Photographic Construction, Living Room, Court Road, Barry
Photomontage construction, ‘Living in Barry’ is based within a pillar form, using Perspex cylinders filled with distilled water arranged in a circle, forming a cut through section of the pillar lit from inside. Each cylinder has a photograph attached behind it with the materiality of the photograph hidden from view. Each image is itself distorted to counteract the distortion caused by the magnification from the refractive properties of the water filled container; so as it appears ‘normal’ and undistorted to the viewer. This magnification ensures that only a fraction of the full image behind each glass is seen from any angle, therefore one’s viewing position determines which part of each image one sees. The arrangement of these photographs, each overlapping significantly in image content with its neighbour, are such to form a 360-degree panoramic view of a domestic living space when viewed as a whole. However as one can see only part of each individual image from a given viewing position, (the continuation of the ‘scene’ occurring in the neighbouring cylinders), this allows a lone figure to apparently appear and disappear from the viewer’s perception of a continuous landscape, as they move around the work. Shifts in the viewing position around such work allow the scene to ‘animate’, being populated differently and capturing a different time, within each individual cylinder . The view of several neighbouring cylinders combines to form the perception of a continuous visual scene, although the time captured across this scene is different in each vessel. In this respect the photographic image takes on a three dimensional and temporal aspect.
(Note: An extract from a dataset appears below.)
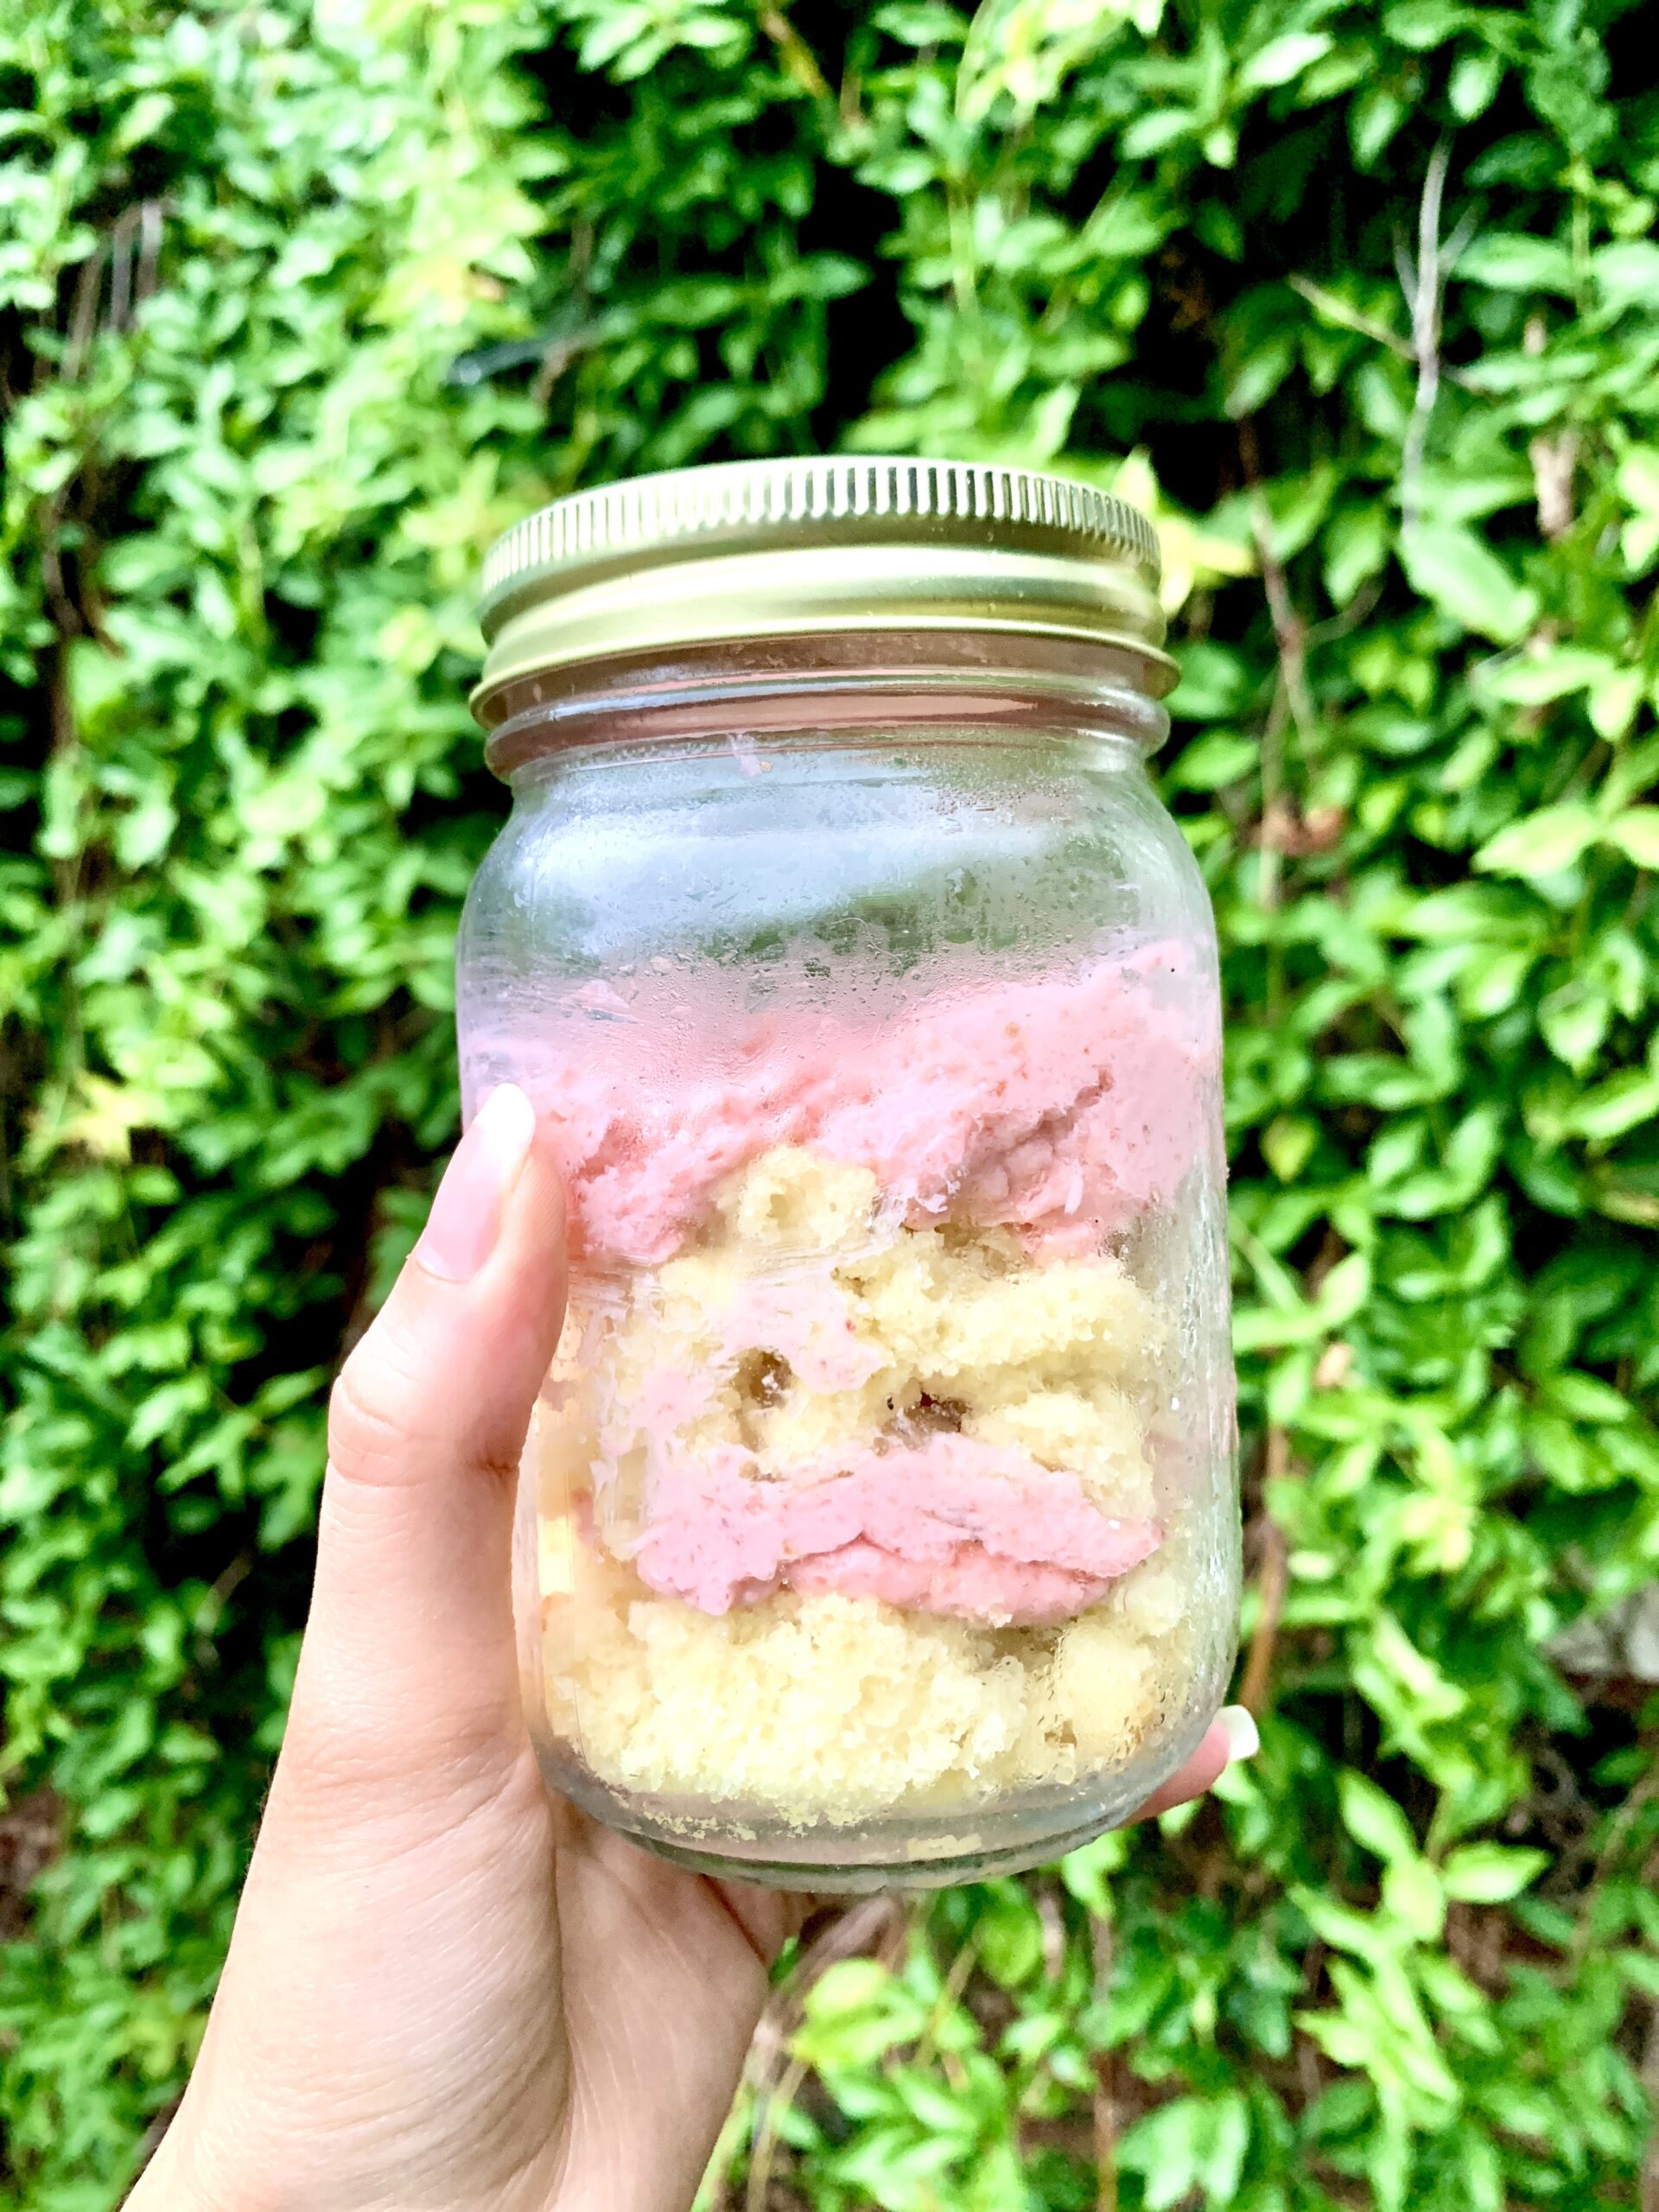 A person showcasing a delectable cake in a jar with pink frosting.

This work plays with our perception of a representation of domestic reality as familiar and banal. However, the distortions of this display of the ‘ordinary’ reveal a complexity and temporality inherent in the act of moving around and viewing the piece. Moments of time and space are cropped, contained and separated, yet simultaneously a part of a fuller, more complete picture. This acts as a metaphor for the moments, spaces and actions that form a complete human identity. The interior displayed is ‘lit-up’, attracting our attention like a curtain-less window into a stranger’s space and life as we walk along a dark street, tempting us to snoop. The piece realizes a displacement of viewing position, originally shot from inside of the room looking outwards to the containing walls. The viewing position becomes one of looking into a space as if outside, a position of excluded voyeur, outside of the space, looking in.